Relying on Gestures

A raise of an eyebrow, hands in pockets, shuffling feet — all of these are nonverbal clues that fill out your verbal communication, sometimes revealing more than you want your listeners to know. Some nonverbals are deliberate, however, packing in questions or commands without ever uttering a syllable. Though many translate across borders, some are unique to the culture they are embedded in.

Japanese Style

Most Westerners will touch their chests when saying “I” or “me.” In Japan, when referring to oneself, people touch their nose. Usually, this gesture is made with a single finger touched to the tip of the nose and accompanied by one of the various words for “I”: boku, watashi, atashi. Partnered with raised eyebrows, the gesture has the questioning effect of an innocent person being accused, or can be likened to the phrase: “Who, me?” When the nose is tapped successively, the effect is that of a confessor taking responsibility for a deed.

How do you indicate to someone across the room that you would like her to come to where you are standing? How do you call your children into the house for dinner? In Japan, the “come here” gesture is made with hand extended, palm facing down. The fingers flap out and back towards the gesturer. If more emphasis is required, a bent elbow may be enlisted to give the gesture greater visibility from far away. This gesture is often accompanied by the phrase oide.

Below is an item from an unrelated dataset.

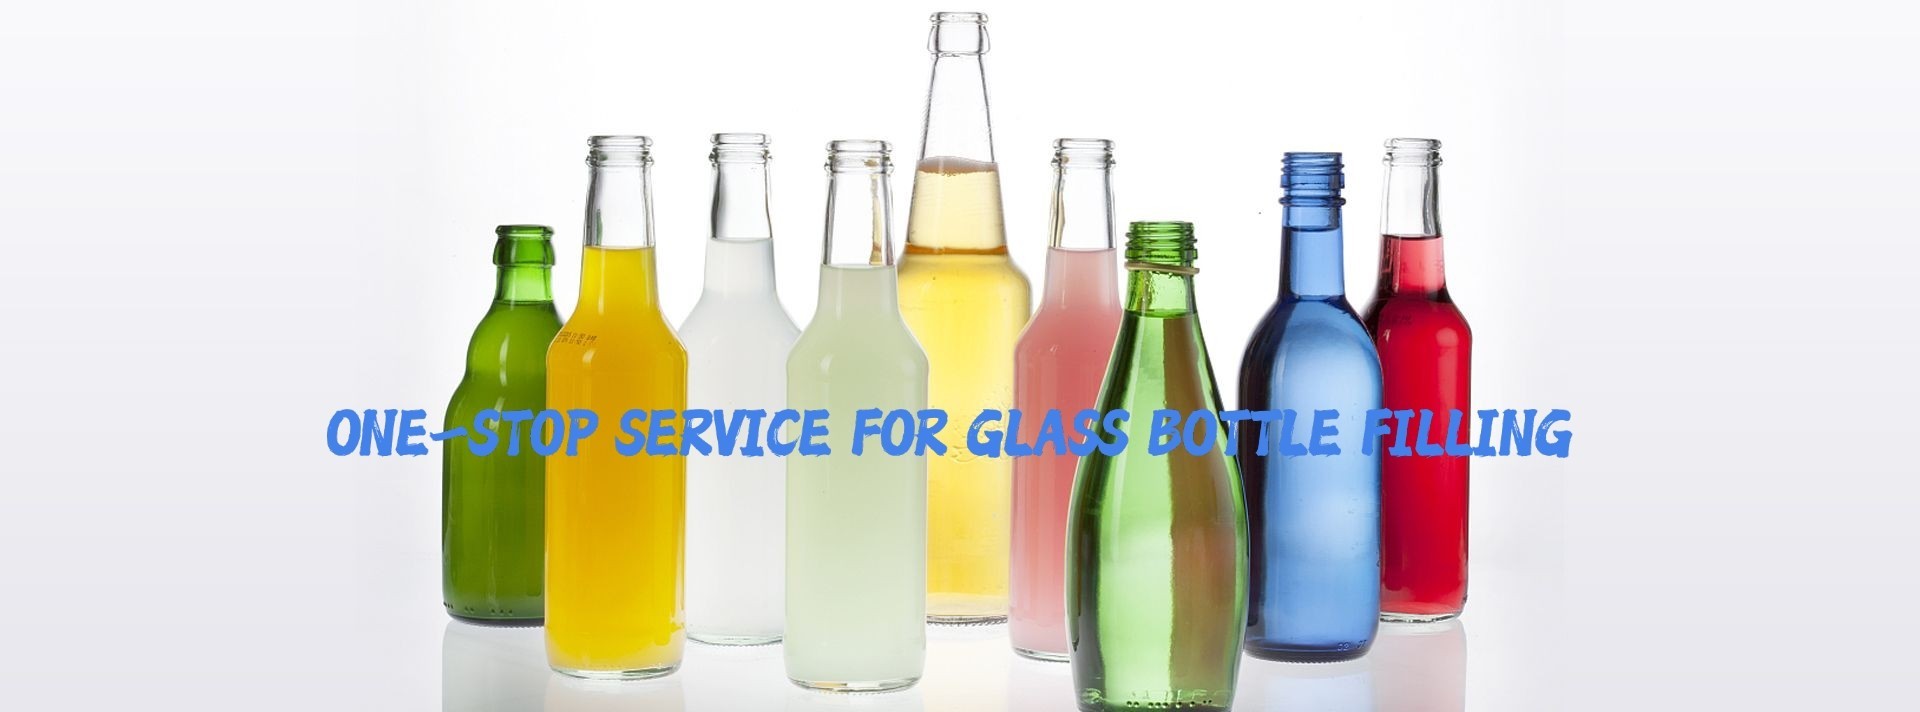 品質 ガラス ビンの満ちるライン サービス
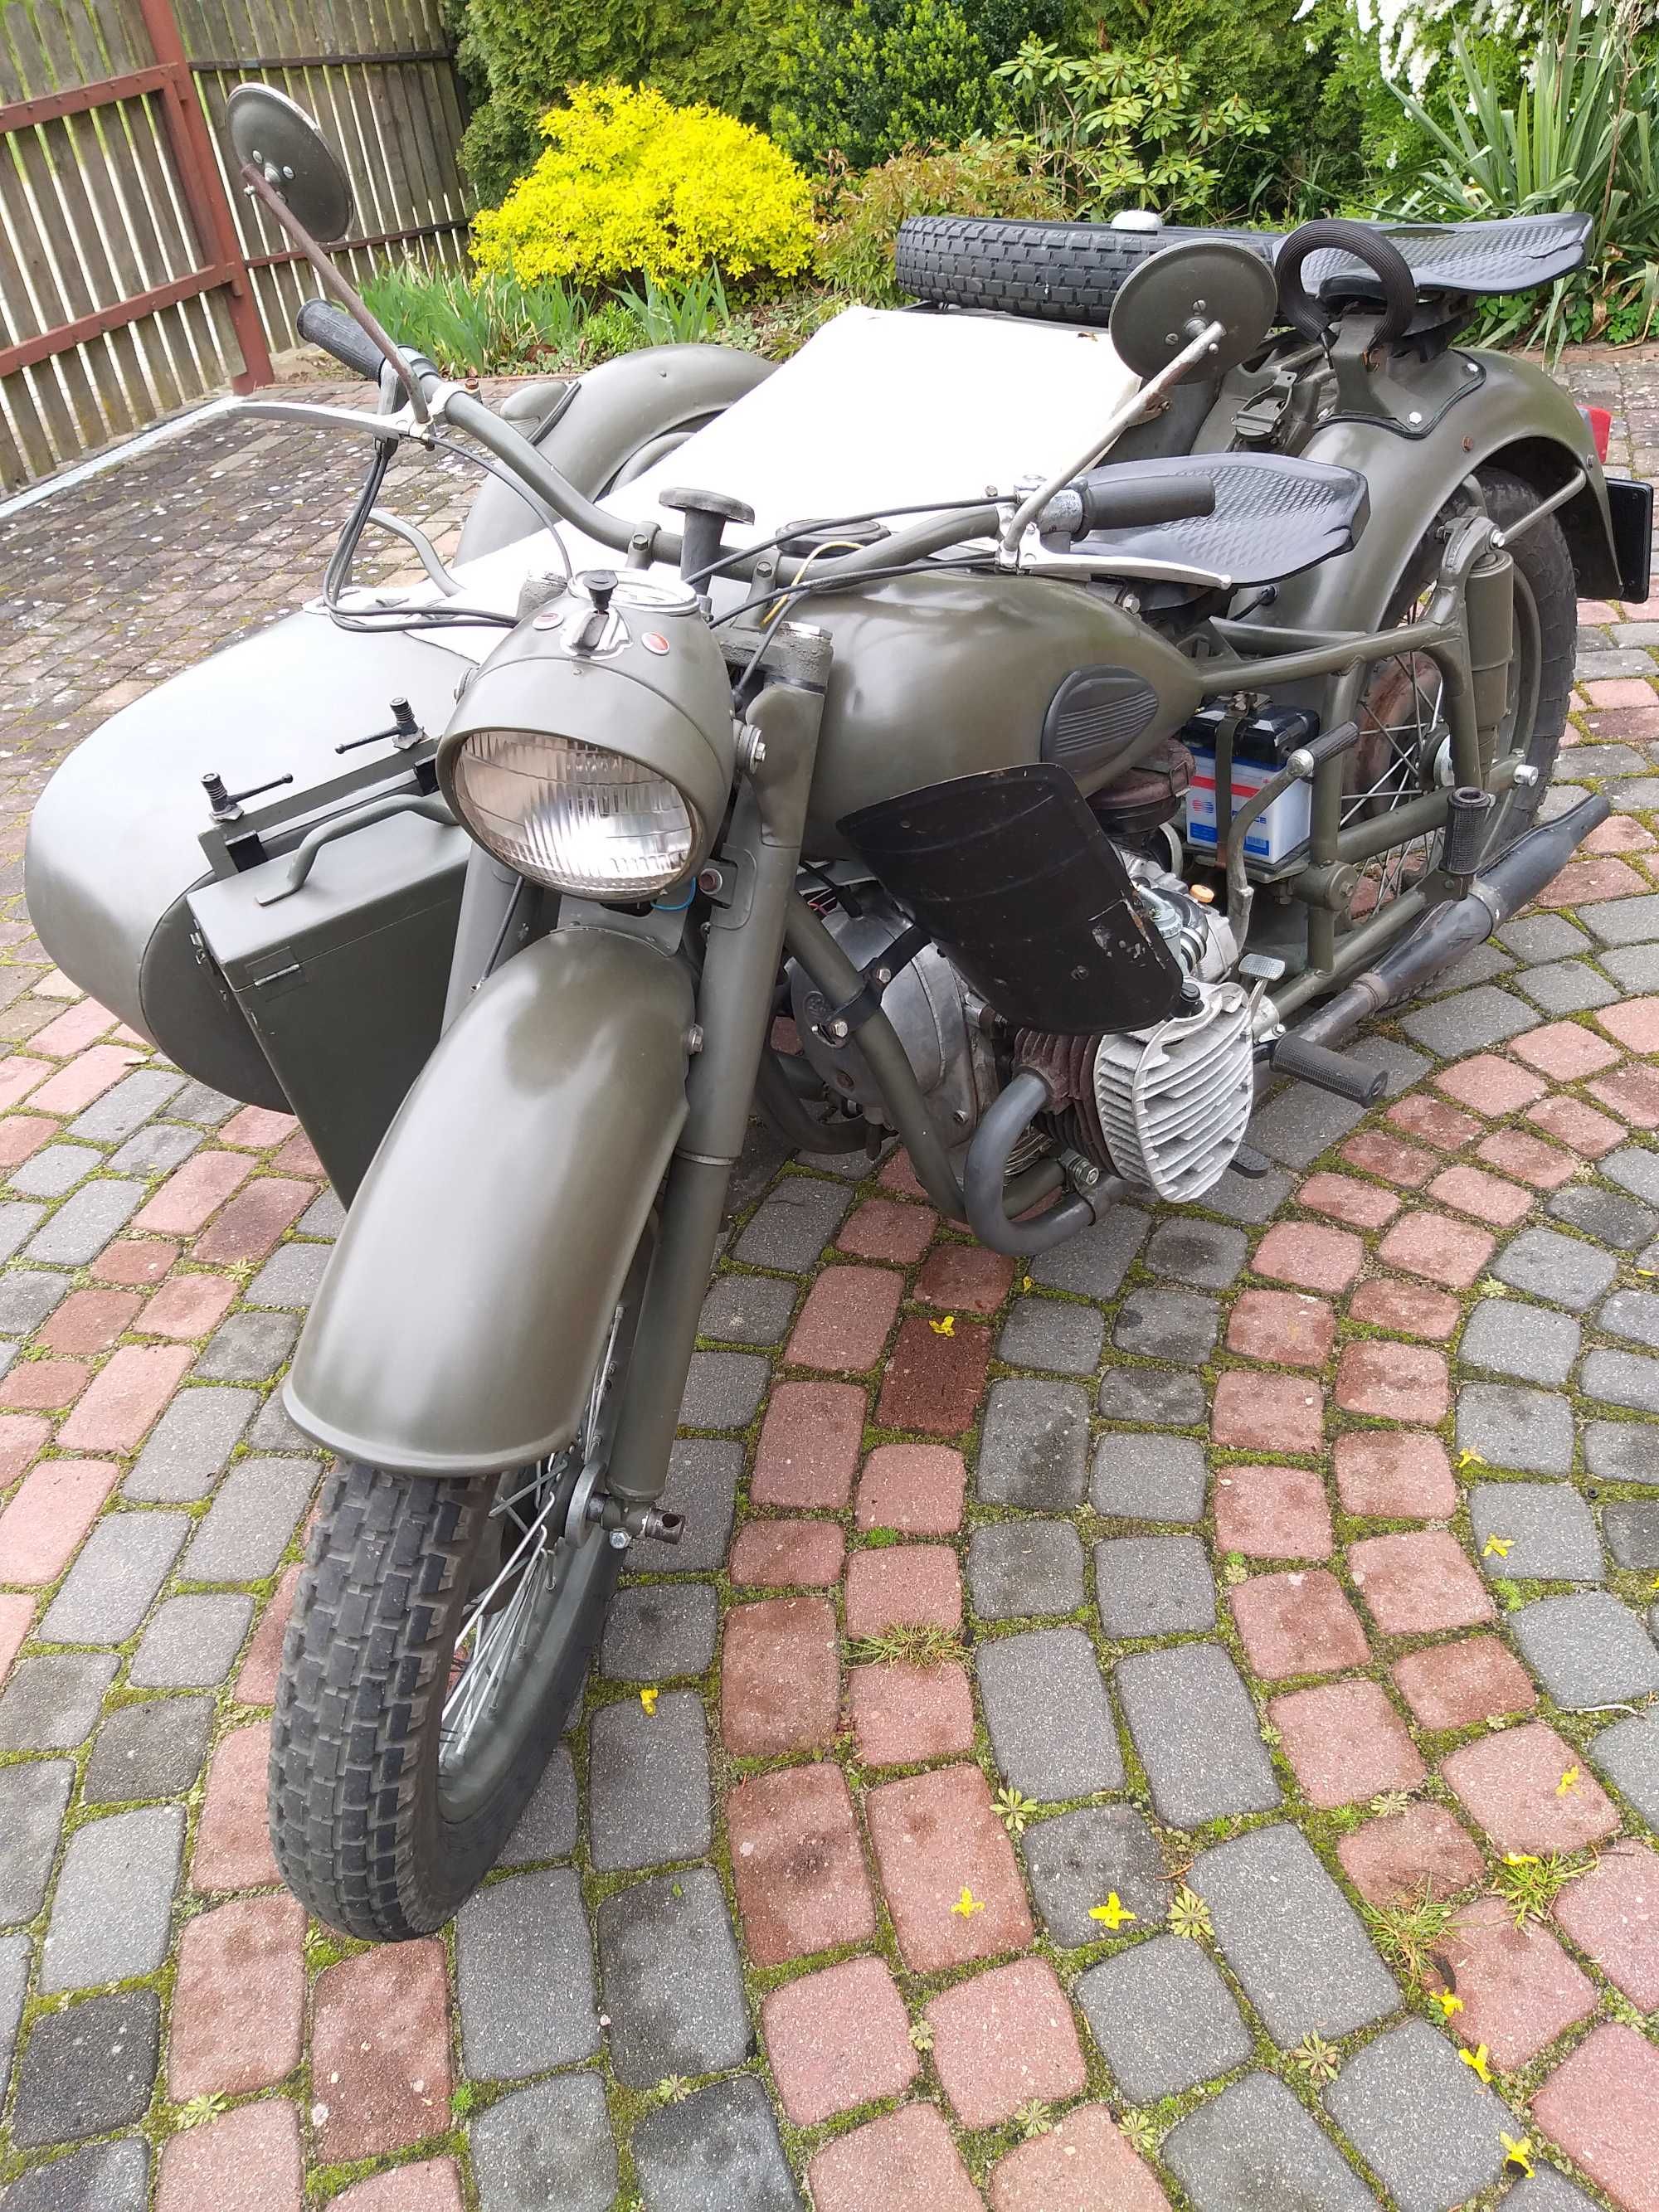 Motocykl K750 po renowacji

Hands joined in prayer can mean any number of things. For this gesture, the accompanying phrase can make all the difference. Onegai ga aru indicates that a favor is needed. Itadakimasu and gochisoo-sama deshita (phrases used before and after eating) are almost always paired with a palms-touching gesture. When said with hands together, arigatoo deepens in its sincerity.

You may find that Japanese women, especially, have a tendency to cover their mouths when they smile or laugh. Seemingly self-conscious, this gesture may be left over from times when coquettish behavior was the norm.

Universals

You may find that you naturally incorporate gestures when speaking in another language, or as visual aids when attempting to explain something in English to a non-native speaker. References to numbers are easily supported by fingers (and sometimes toes). Size and shape are also more easily conveyed when arms get involved.

Facial expressions and the feelings behind them, too, are almost always understood across cultures. Smiles usually indicate friendliness or joy, but can also mask apprehension or uncertainty. Cocked heads and furrowed brows convey confusion. Nodding means “yes” or “I understand.” Shaking of the head says “no” or expresses refusal. Tears may be contextual in any land.

Whether you are trying to deepen a friendship or close an important business deal (no elbows on the tables, please), what you say with your face and body language are just as important as what is coming out of your mouth.

You may notice that people in Japan use their fingers differently for counting. Westerners usually indicate “one” with a single finger pointing up, “two” with two fingers and so on. Japanese people will start with an open hand, however, and bring each finger down, consecutively, starting by bringing the thumb in towards the palm to indicate “one.” “Five” is a closed fist, and “six,” then, is indicated by a raised pinky finger. This is a convenient way of counting because ten digits can be conveyed on a single hand.